One very bad day


The United States believes Russia is developing a nuclear weapon that could be put into orbit and detonated to knock out satellites. If that happened, what would you and I experience, and what would happen at a granular level to the satellites that are so central to modern life? Mike Gruss set out to find out.

One thing that can be said with certainty is this: If a nuclear bomb were detonated in orbit, there would be no mushroom cloud since there would be no atmosphere for the warm air and debris to rise through.

Another is that things would be bad.

“So bad,” one expert says. “Catastrophic,” says another. “Warranted hyperbole,” says a third.

In 1962, the final time the United States detonated a nuclear device in space, a mere two dozen satellites orbited Earth. Now there are some 10,000 active ones, and growing. Lots of them are military in nature, some are hybrids and others are purely civilian. Taken together, they show us where we are and where we’re going, make our debit cards work, connect us across continents, keep watch of the weather and our changing environment, provide intelligence for winning wars and avoiding them, and more. There are now, literally, too many applications to name.

And so in February, minds quickly went to a nuclear device when a U.S. lawmaker revealed the existence of intelligence about a “serious national security threat” that he did not specify. At first, the White House called the purported weapon an “anti-satellite capability” that was in development by Russia but declined to say whether it was a nuclear weapon. A clue came in April, when Japan and the U.S. introduced a resolution at the United Nations Security Council that would have reaffirmed the 57-year-old international ban against stationing nuclear weapons in space. Russia vetoed the resolution, even though President Vladimir Putin had earlier said that the country is “categorically opposed to the deployment of nuclear weapons in space.” Then, in what remains the clearest statement about the intelligence, National Security Adviser Jake Sullivan said the U.S. believes Russia is developing “a new satellite carrying a nuclear device.”

If the U.S. intelligence is accurate, detonating such a weapon would harm more than the interests of the U.S.

“This capability could pose a threat to all satellites operated by countries and companies around the globe, as well as to the vital communications, scientific, meteorological, agricultural, commercial, and national security services we all depend upon,” John Plumb, then the Defense Department’s assistant secretary for space policy, wrote in testimony submitted during a May congressional hearing.

What exactly would we experience? First, here’s a caveat: Not everything I’m about to tell you, gleaned from speaking to eight experts in the space and atomic fields, reflects absolute certainty. “Aspects of physics governing induced nuclear-weapon environments are imprecisely known,” chimed the U.S. Defense Threat Reduction Agency in “Collateral Damage to Satellites from an EMP Attack,” a 2010 paper that discussed nuclear war in space. EMP stands for electromagnetic pulse, a wave of energy that’s caused by a surge of gamma radiation colliding with molecules in the atmosphere, according to atomicarchive.com, a website funded by the U.S. National Science Foundation.

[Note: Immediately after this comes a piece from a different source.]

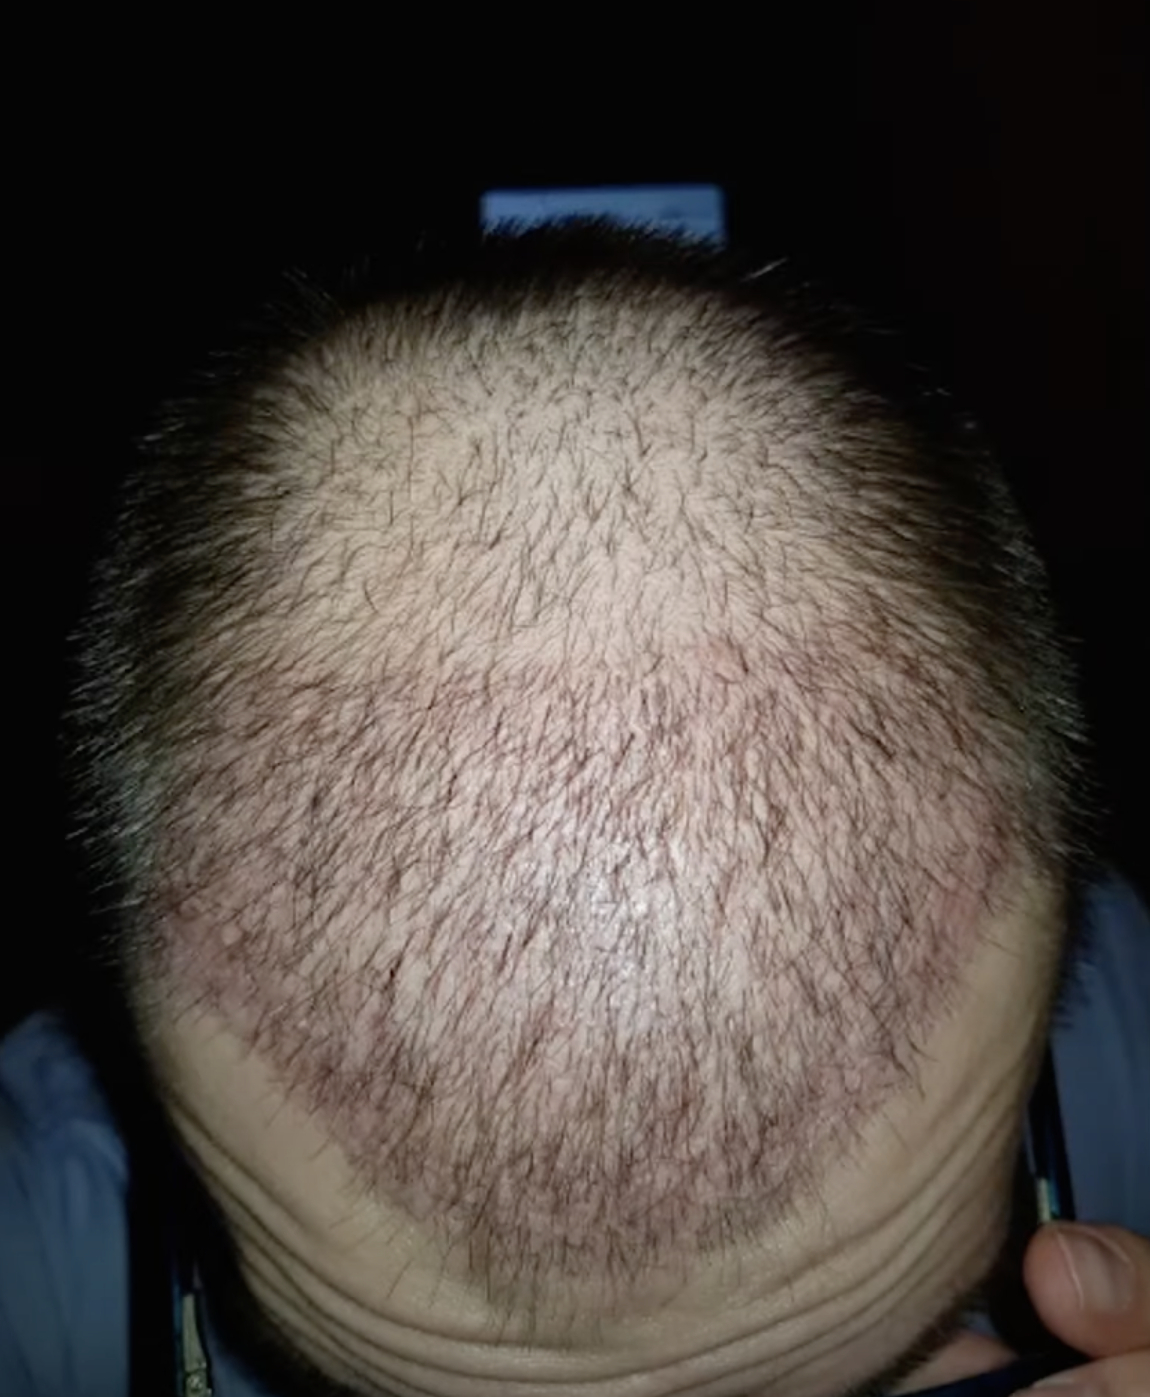 Light hair transplant shedding on day 24 post-FUE
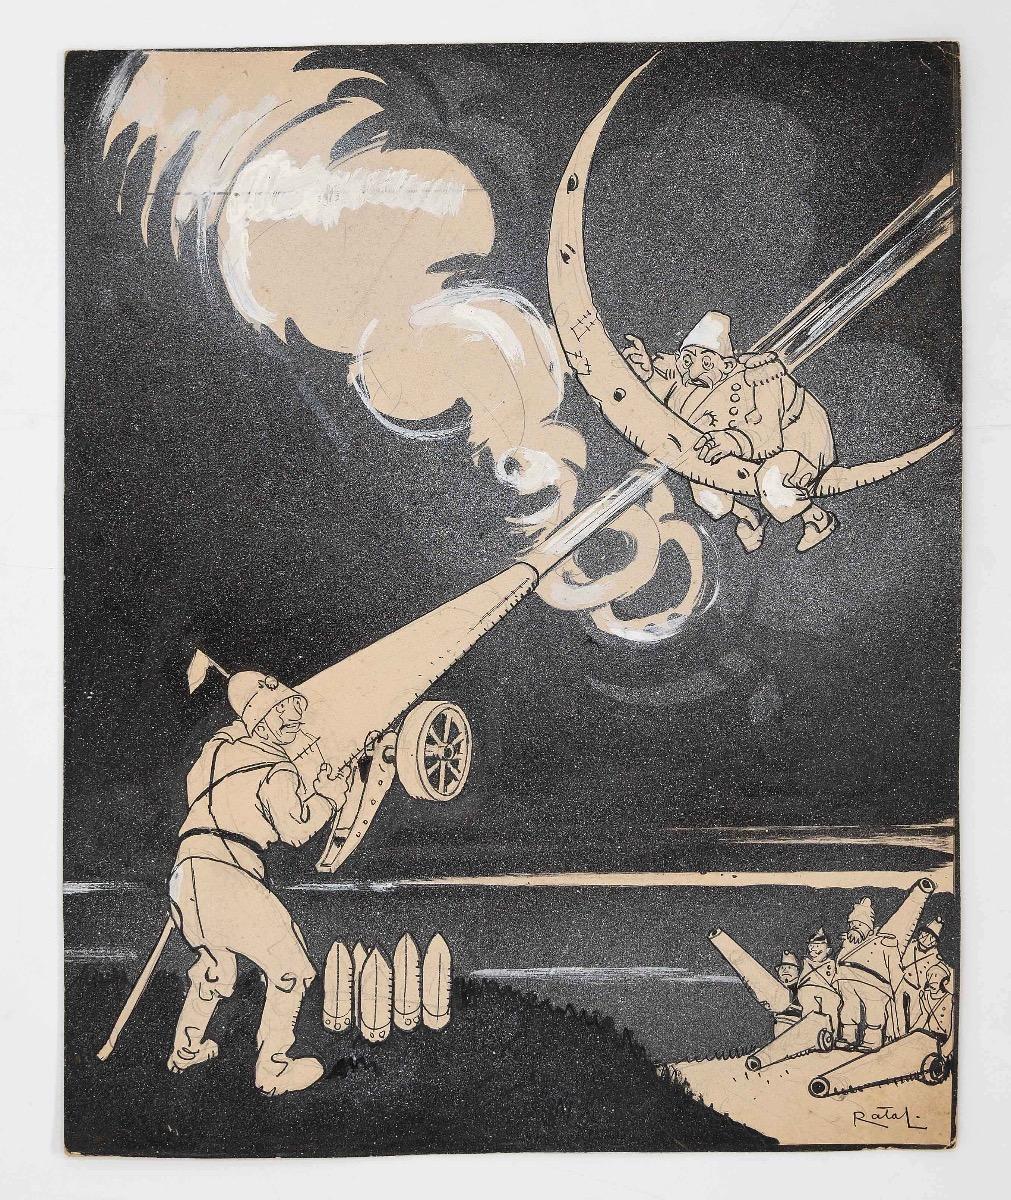 Gabriele Galantara Figurative Art - Shoot Missiles - Original Ink/ Watercolor by G. Galantara - 1910s

The gap in predicting the effects of such a blast hasn’t entirely closed since that paper was written. So here goes.

For some of us, the bad begins with beauty. If we’re driving or walking in the dark of a cloudless night and the blast is out of sight beyond the horizon, an aurora erupts not unlike the northern lights seen unusually far south around the world in May. That show was caused by streams of electrons and protons spewed toward Earth in one of the sun’s periodic series of coronal mass ejections. The particles collided with the gases in the upper atmosphere, triggering billions of “tiny flashes” in sequence, giving the aurora its shifting appearance, as the Canadian Space Agency explains on its website. The mechanism would be similar after a nuclear blast: Charged subatomic particles from the detonation would slam into oxygen and nitrogen high in the atmosphere, causing the release of electromagnetic energy in the visible spectrum.

Others of us would experience a more frightening show. We sense a flash and look up to see an object as bright as the sun. In 1962, a nuclear detonation created a “spectacular pyrotechnic aftermath” that lasted 7 minutes, according to the Honolulu Advertiser: “It was like turning on all the lights all over the Hawaiian Islands.”

Next comes the figurative fallout that disrupts nearly all our lives for weeks or months — and maybe many years.

Like a log after a campfire

A nuclear detonation splits atoms into electrons and protons, and when that happens, X-ray radiation races off in all directions. This radiation would pass through the satellites nearest the weapon, those tens to hundreds of kilometers away.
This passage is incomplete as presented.